最も現在、そこまでの予測はいらないのでハイドは思考を切って別の問題点に乗り移った。
『でもねぇ、もう2割は私が入りこんじゃったけどね。面白くていいわねぇ。新しい身体って――――』
適正が無ければ身体は彼女の情報を書き加えない内に死亡してしまう。彼女がそう言う。つまり――――すくなくとも、後8割の情報の上書きが終えるまでは生き延びるということだ。
約半日で2割ということは、あと2日残されているという計算になる。
そして――――新しい身体になるごとに、その人間の得意としていた力が魔族としての特殊能力に変わるという。
彼女の炎や精神支配はソレだと、自ら誇らしげに言った。
『なんていか、凄まじい生命力だな』
『あら、ありがと』
2割乗っ取られている――――つまり上半身が麻痺しているのはそのせいであるのだ。
もしコイツを奇跡的にも追っ払う事が出来たら、しっかりと回復するのだろうか。

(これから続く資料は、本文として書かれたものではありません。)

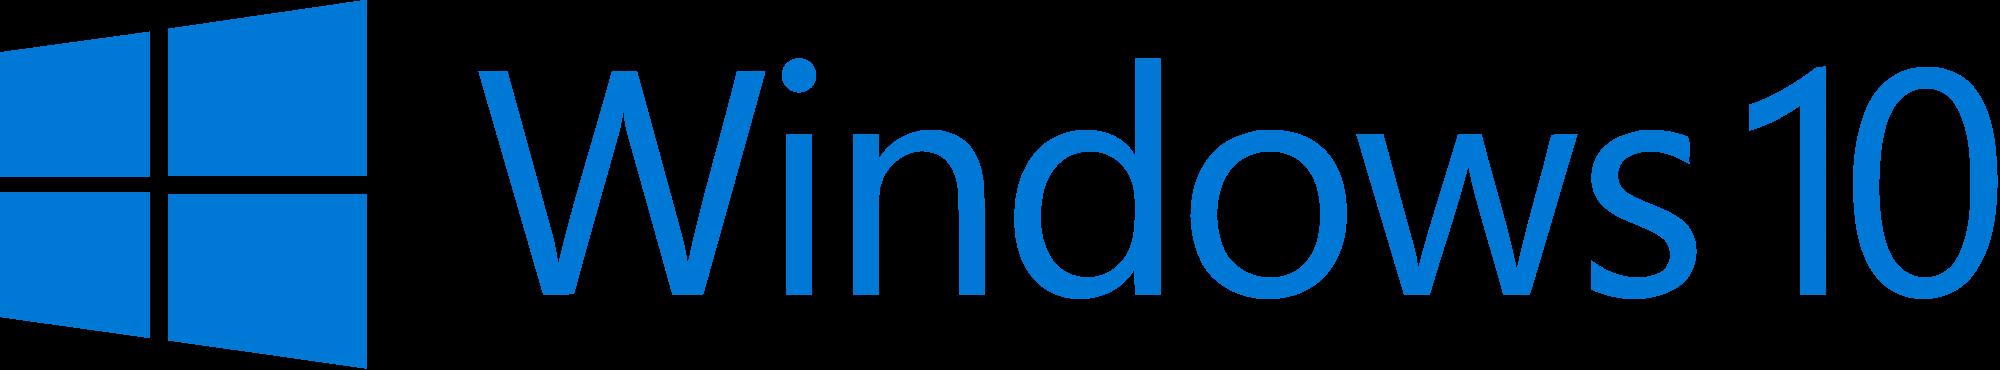 windows-10-logo-1

こればかりは彼女にも分からないらしい。
何故だか、交友的に話しかけてきてくれる魔族に、ハイドは困惑しつつも、漏れ続ける勝利の算段を立て始めた。
しかし、意識が回復しないという問題点がそれを打ち破る。
精神下には一度潜り込んだことはあるが、やはり二度目だといっても魔法が使えないのは変わらないし、身体が無いから動けない。

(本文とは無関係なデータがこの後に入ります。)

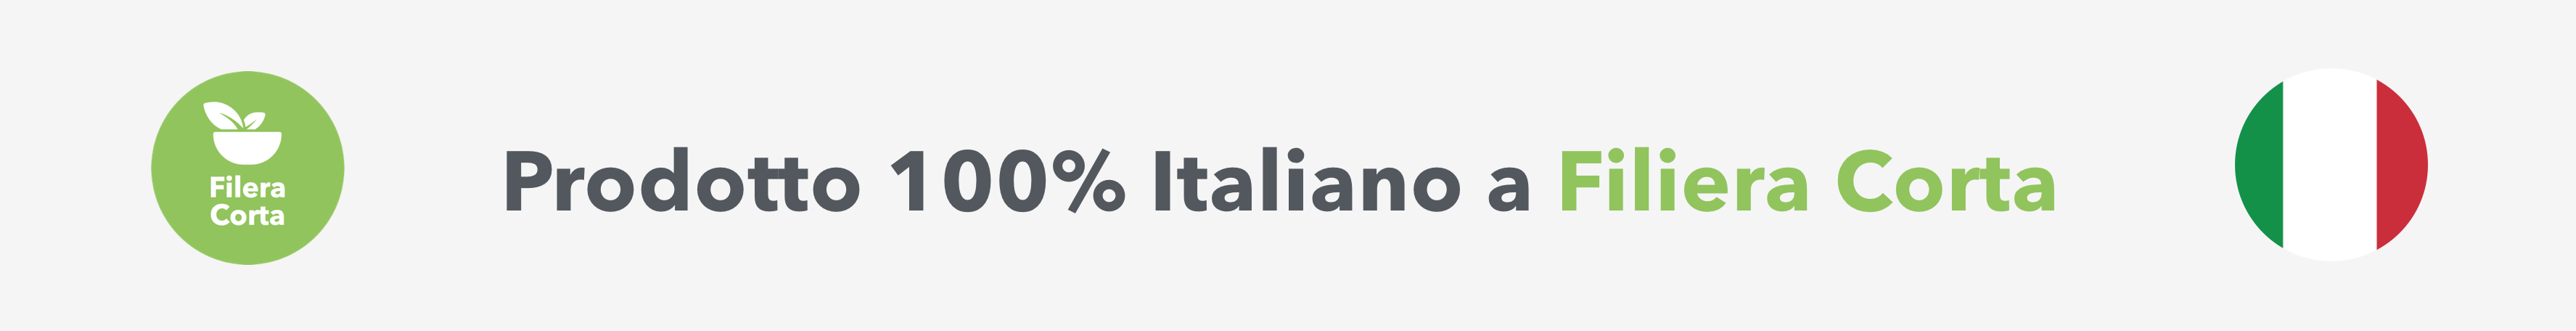 Patate Italiane a Filiera corta ideali da friggere

故に思考するしかないのだ。しかし現在は、行動を起こせない苦痛がここまでとは思わなかった、ハイドはそう嘆くしかないのだが。
『アンタを追い出しても、頭がバカになってる状態じゃあやだな』
思ったことを口にする。一体どんな返答が来るのか待っているが――――言葉が返ってこなかった。
どうしたんだろうか。身体を支配しているのは彼女だ。ってことは、『表』で何か起こっているのか?
――――仲間が戦っているのか。この俺と、魔族になりつつあるこの身体と。
俺を殺すのか? 仲間は泣いてくれるかな。
ハイドは死ぬつもりなど無い。しかし状況の打破が不可能に近い今は、自然とそういう思考になっていた。
『――――おくれて悪いわねぇ。ちょっと忙しくて』
暫くして、彼女の声が聞こえる。ハイドはすかさず質問した。
『もう少しゆっくりしていいんだが――――誰と戦ってたんだ?』
『可愛らしい女の子よ。巫女さんらしかったけど』
いくら魔族が身体を操っていて、さらに力をいつも以上に込められる事が出来るとはいえ――――その姿は未だハイドである。
体力低下中故に、たったの一撃でも倒されてしまう。彼女は強制的に意識を引き剥がされて、ここに戻ってきたのだ。
体力は先の戦闘で完全に使い果たした。その為に、巫女の為すがままである。
ハイドは仲間でない事に安心していると、彼女はそんなハイドの反応が嬉しかったのか、船からの状況を伝え始めた。
その中で――――彼女の行為が、好意であると、ハイドは気づき始めていた。